**Frame-Level Classification of Speech**

Author: Brian Yan

Implemented for Kaggle: https://www.kaggle.com/c/11-785-s20-hw1p2/overview

References MNIST MLP example provided by Deep Learning Course, CMU.

In [0]:
## Run this code to ensure high ram instance in Google Colab

# a = []
# while(1):
#     a.append('1')

In [0]:
version = 'm6'

**SETUP**

Mounting drive, installing packages, downloading dataset from Kaggle

In [0]:
# !mkdir -p ~/.kaggle
# !cp kaggle.json ~/.kaggle/
# !chmod 600 ~/.kaggle/kaggle.json
# !ls ~/.kaggle

In [0]:
# !ls -l ~/.kaggle
# !cat ~/.kaggle/kaggle.json

In [0]:
# !pip install -q kaggle
# !pip install -q kaggle-cli

In [2]:
from google.colab import drive
drive.mount('/content/gdrive')

Go to this URL in a browser: https://accounts.google.com/o/oauth2/auth?client_id=947318989803-6bn6qk8qdgf4n4g3pfee6491hc0brc4i.apps.googleusercontent.com&redirect_uri=urn%3aietf%3awg%3aoauth%3a2.0%3aoob&response_type=code&scope=email%20https%3a%2f%2fwww.googleapis.com%2fauth%2fdocs.test%20https%3a%2f%2fwww.googleapis.com%2fauth%2fdrive%20https%3a%2f%2fwww.googleapis.com%2fauth%2fdrive.photos.readonly%20https%3a%2f%2fwww.googleapis.com%2fauth%2fpeopleapi.readonly

Enter your authorization code:
··········
Mounted at /content/gdrive


In [0]:
root_path = '/content/gdrive/My Drive/Frame-Level Classification of Speech/'  #change dir to your project folder

In [0]:
# !kaggle competitions download -c 11-785-s20-hw1p2 -p /content/gdrive/My\ Drive/Frame-Level\ Classification\ of\ Speech

In [0]:
# import os
# os.chdir(root_path)  #change dir
# !ls

In [0]:
# !unzip dev_labels.npy.zip
# !unzip dev.npy.zip
# !unzip test.npy.zip
# !unzip train.npy.zip
# !unzip hw1p2_sample_submission.csv.zip

In [0]:
# !rm dev_labels.npy.zip
# !rm dev.npy.zip
# !rm test.npy.zip
# !rm train.npy.zip
# !rm hw1p2_sample_submission.csv.zip

In [0]:
# !unzip train_labels.npy.zip
# !rm train_labels.npy.zip

In [0]:
# !pip3 install http://download.pytorch.org/whl/cu80/torch-0.3.0.post4-cp36-cp36m-linux_x86_64.whl 

In [0]:
# !pip3 install torchvision

In [0]:
import numpy as np
import torch
import sys
import torch.nn as nn
import torch.nn.functional as F
import torch.optim as optim

from torch.utils import data
from torchvision import transforms
from torchvision.datasets import MNIST

import matplotlib.pyplot as plt
import time

In [5]:
cuda = torch.cuda.is_available()
cuda

True

**DATA LOADER**

Custom data loader class.

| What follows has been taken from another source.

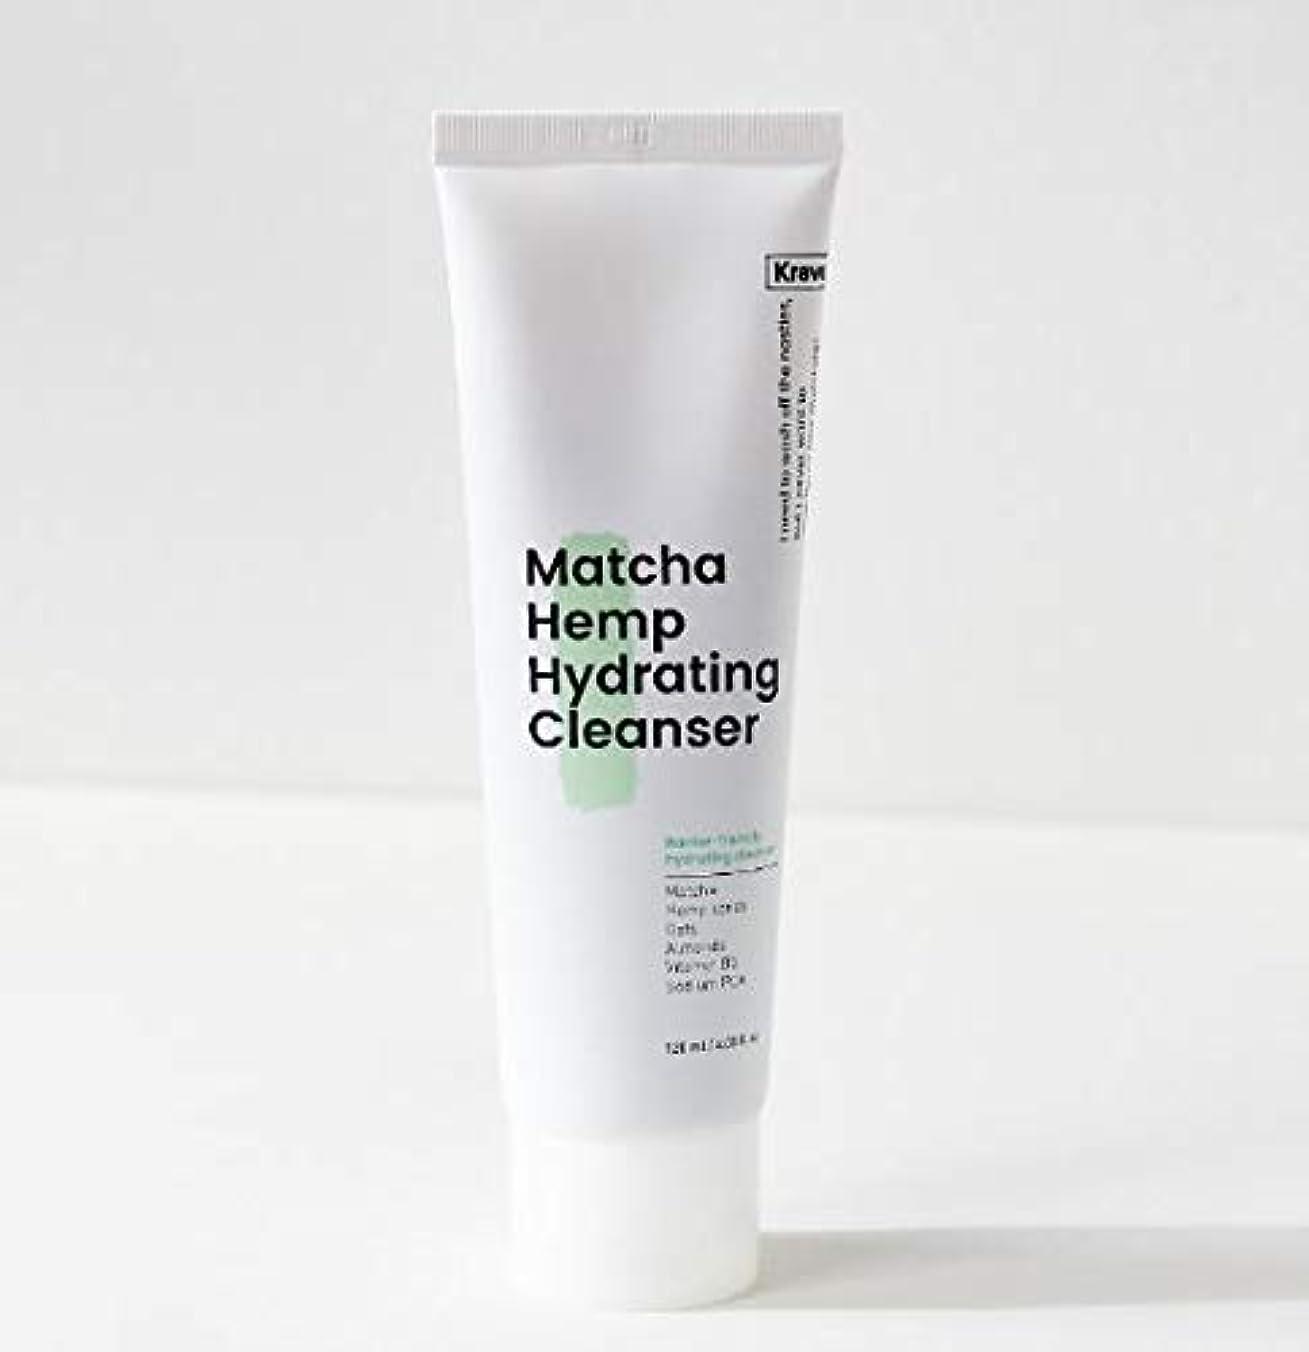 軽食ジャンクション不利[Krave] Matcha Hemp Hydrating Cleanser 120ml / 抹茶ハイドレイティングクレンザー120ml [並行輸入品]

Dataset is composed of frames of audio, and a single frame does not contain enough context for predictions. It is preferrable to use a window of frames in this task. This implementation uses k = 9, for a window size of (2k + 1).  

In [0]:
from torch.utils.data import DataLoader, Dataset, TensorDataset

In [0]:
train_x = np.load(root_path + "/train.npy", allow_pickle=True)

In [0]:
train_y = np.load(root_path + "/train_labels.npy", allow_pickle=True)

In [0]:
# flatten the frames within each utterance, x_i, so that they can be loaded by Data Loader
def flatten_frames(x_list):
    indexes = []
    for i in range(len(x_list)):              #utterance
        for j in range(x_list[i].shape[0]):   #frame
            indexes.append((i, j))
    return indexes

In [0]:
class myDataset(Dataset):
    def __init__(self, x, y, k = 9):
        self.k = k
        self.x = x
        self.y = y
        self.idx_to_frame = flatten_frames(x)

    def __len__(self):
        return len(self.idx_to_frame)
    
    def __getitem__(self, idx):
        i, j = self.idx_to_frame[idx]
        lo = j - self.k
        hi = j + 1 + self.k
        x_i = self.x[i].take(range(lo, hi), mode='clip', axis=0)
        x_i = torch.from_numpy(x_i).float().reshape(-1)
        if self.y is None:
            y_i = -1
        else:
            y_i = self.y[i][j]
        return x_i, y_i

In [0]:
k = 9

In [0]:
dev_dataset = myDataset(train_x, train_y, k)

In [0]:
num_workers = 8 if cuda else 0
train_loader_args = dict(shuffle=True, batch_size=1024, num_workers=num_workers, pin_memory=True) if cuda\
                    else dict(shuffle=True, batch_size=64)
train_loader = data.DataLoader(dev_dataset, **train_loader_args)

In [0]:
test_x = np.load(root_path + "/dev.npy", allow_pickle=True)
test_y = np.load(root_path + "/dev_labels.npy", allow_pickle=True)
test_dataset = myDataset(test_x, test_y, k)
test_loader_args = dict(shuffle=True, batch_size=1000, num_workers=num_workers, pin_memory=True) if cuda\
                    else dict(shuffle=True, batch_size=1000)
test_loader = data.DataLoader(test_dataset, **test_loader_args)

**MODEL**

The implemented MLP is a deep NN with batch normalization and dropout at each hidden layer. Dropout at 10% boosted accuracy on the validation set by 3%, achieving 65+% accuracy.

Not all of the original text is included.